Georgetown is like the ultimate clash of civilizations. People come from all over to visit the capital of the “greatest country on earth” and those people proceed to flock to the Georgetown shopping district, a place where a meal will set you back $15+ and women in Louboutins chat on their blackberries next to barefoot homeless men. Walking down M St, you’re likely to overhear dozens of languages and chances are someone will ask you for directions in broken English. Rich women from the Middle East, students from Western Europe, and groups of enthusiastic Asian kids who revel in American fashion crowd the small blocked sidewalks, and I somehow feel out of place with my unassuming purse, red headphones, and denim button-down.

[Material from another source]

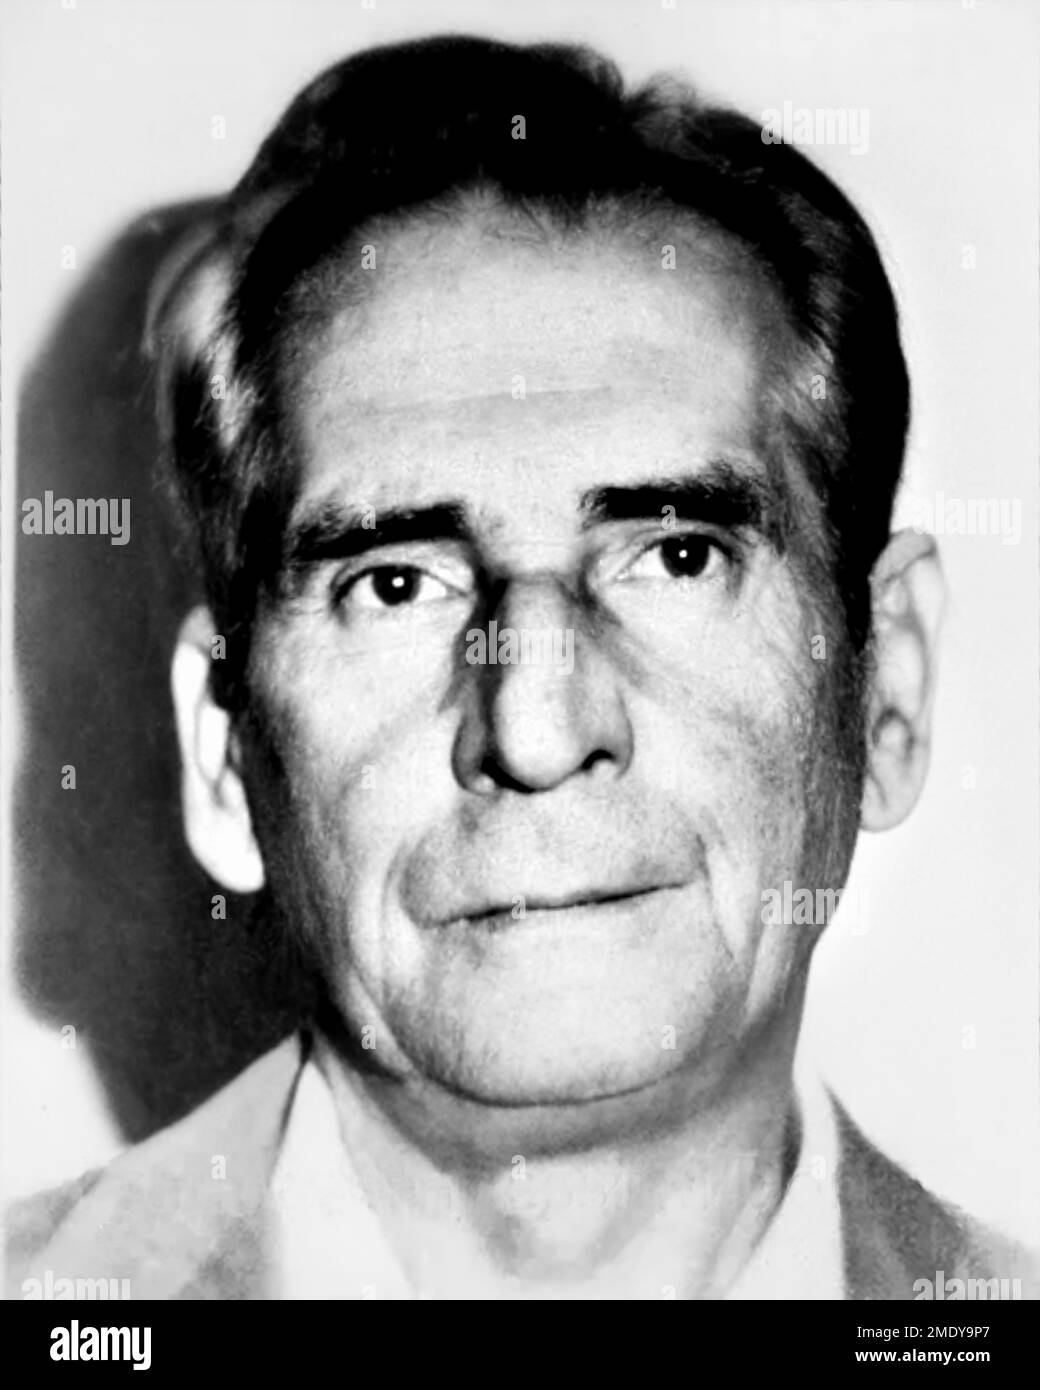 1990 ca, Castelvetrano , Trapani , ITALIA :il Boss mafioso FRANCESCO MESSINA DENARO ( 1928 - 1998 ), aka DON CICCIO , cosa NOSTRA mafioso , padre del criminale omicida MATTEO MESSINA DENARO ( nato il 26 aprile 1962 anche noto come Diabolik o U Siccu ) . Fotoboth diffuso dalla polizia italiana . Fotografo sconosciuto . - STORIA - FOTO STORICHE - FOTO TESSERA SEGA - FOTOTESSERA - RITRATTO - RITRATTO - OBIETTIVO - OCCHIALI DA Foto Stock

It was Saturday night after all, the weekly peak hour for the neighborhood. Drunk rich kids are attracted like magnets at this time, and I was going against the waves of people, snaking around the crowds to get out of there as efficiently as possible. Georgetown gets claustrophobic.

I worked all day and closed up the shop, finally being able to leave around 9:30. I stopped along the way, however, to get some Vietnamese take-out at a restaurant that had some decent albeit unauthentic food. I sat at the bar while waiting for my order, grilled meats over vermicelli, and the bartender gave me a Mudslide on the house. It was nice, considering I was someone who didn’t belong. “You look tired” he said. I responded with “probably because I am”. He laughed and said “me too”.

It really is a shame; I almost forgot that the thousands of people who work in Georgetown are just like me.